Lundy case: Disappointment over lack of warning

By Kieran Campbell

Mark Lundy. File photo / Mark Mitchell
Mark Lundy. File photo / Mark Mitchell

Police are disappointed they were not able to adequately warn family over the decision to grant Mark Lundy the right to appeal his convictions for the murder of his wife and daughter.

Police found out about the Privy Council decision through the media this morning "which is unfortunate, particularly as it did not give us the opportunity to inform the victim's families first," a statement said.

A spokesman for New Zealand Police said they would meet Crown Law to consider the appeal.

Police frustrations were shared by the brother of Lundy's late wife, Christine. Glenn Weggery said he was angry to have heard the news from media outlets.

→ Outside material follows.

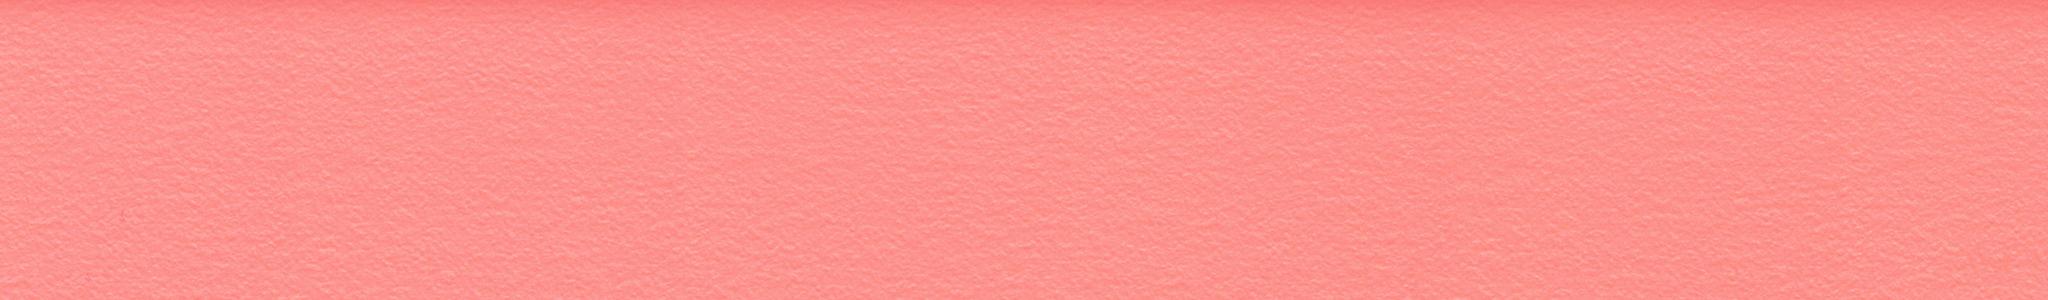 HU 130326 ABS Edge Red Soft Pearl 107

"I'm rather p***** off that victims in this country are so badly thought of that no one has the balls to inform us before the media gets hold of these things," he said.

"Even [Lundy's] supporters could have had the balls to call us. They know where we are. They don't think about the victims."

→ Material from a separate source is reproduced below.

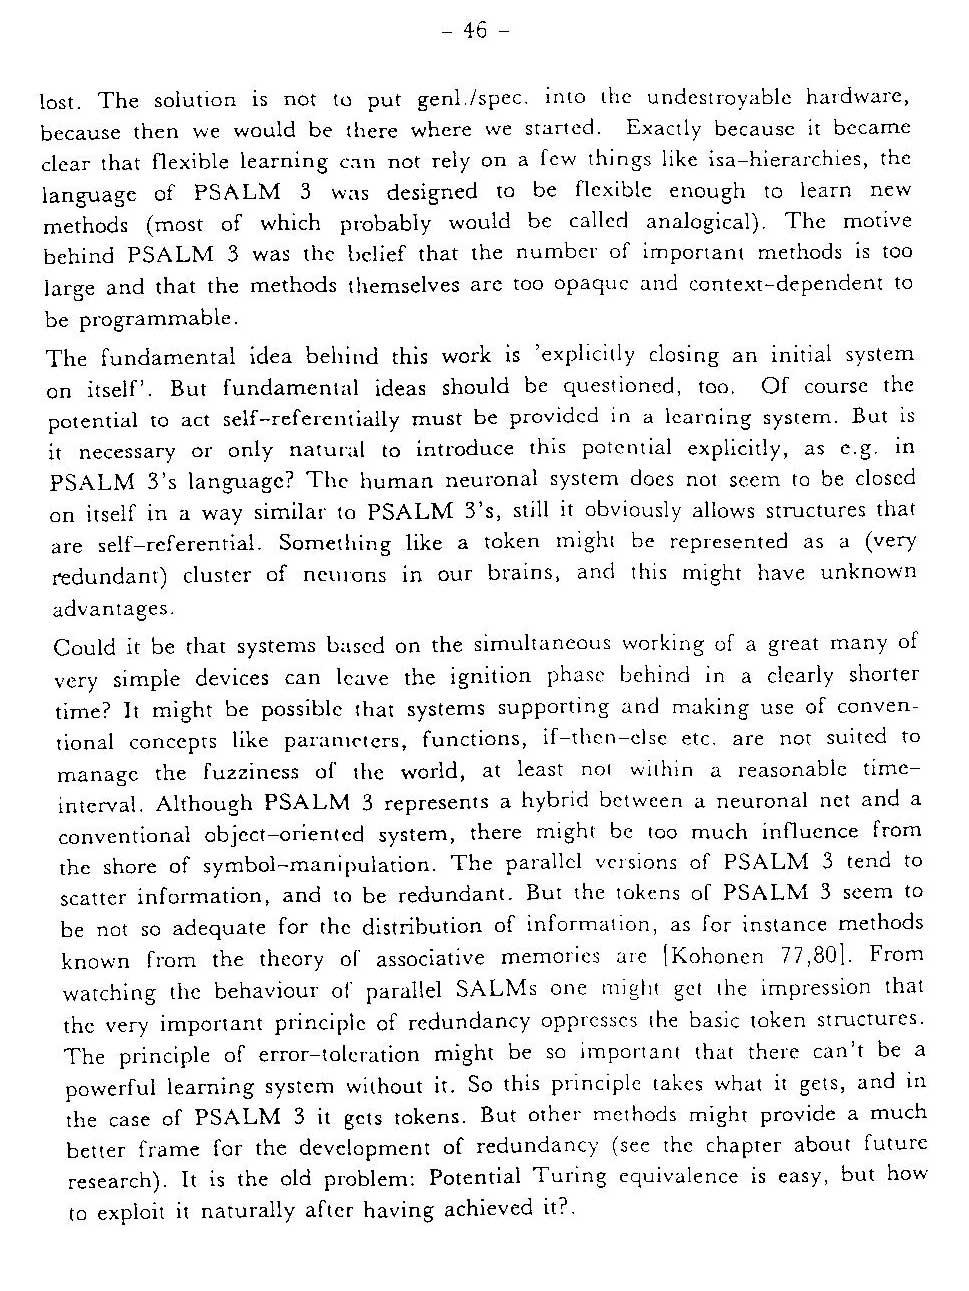 1987 THESIS ON LEARNING LEARN, METALEARNING, META GENETIC ...

More than a decade after he was convicted of the brutal axe killing of his wife Christine and 7-year-old daughter Amber, Lundy will have an appeal heard by the Privy Council in London over three days in June.

His last-ditch appeal will focus on "the most important piece of evidence" that linked him to the killings.

London-based lawyer David Hislop QC says the defence case will focus on a "science experiment" used to identify DNA on Lundy's shirt as being his wife's brain tissue.

Mr Hislop said the crucial evidence used "flawed science" and he accused police investigating the murders of "shopping around" for an expert to give them the testimony they needed.

The expert was Texan scientist Dr Rodney Miller, who confirmed to APNZ that he had been called as a witness in the Lundy appeal.

Dr Miller refused to comment on the appeal or claims his evidence was based on "bad science", but he has previously written a paper about the importance of his evidence in which he said police had contacted "multiple forensic laboratories in New Zealand, Great Britain and the United States" before approaching him.

Mr Hislop told Radio New Zealand today that Dr Miller had never previously done the test that was used to determine whether it was Christine Lundy's brain tissue on her husband's shirt, and it used a flawed method.

"What happened in essence was the people in New Zealand weren't sure what [the DNA on Lundy's shirt] was," Mr Hislop said.

"They weren't sure, [investigators] went overseas, they shopped for an expert and of course in the US you can get all sorts of experts if you shop around, and they got one."

Mr Hislop said if Christine's DNA on her husband's shirt was not conclusively proven to be brain tissue it would not place Lundy at the crime scene.

In a paper written in 2003 about his involvement in the case, Dr Miller said "the definitive identification of brain tissue on Mark Lundy's shirt using immunohistochemistry was the most important piece of evidence pointing toward Mark Lundy's guilt".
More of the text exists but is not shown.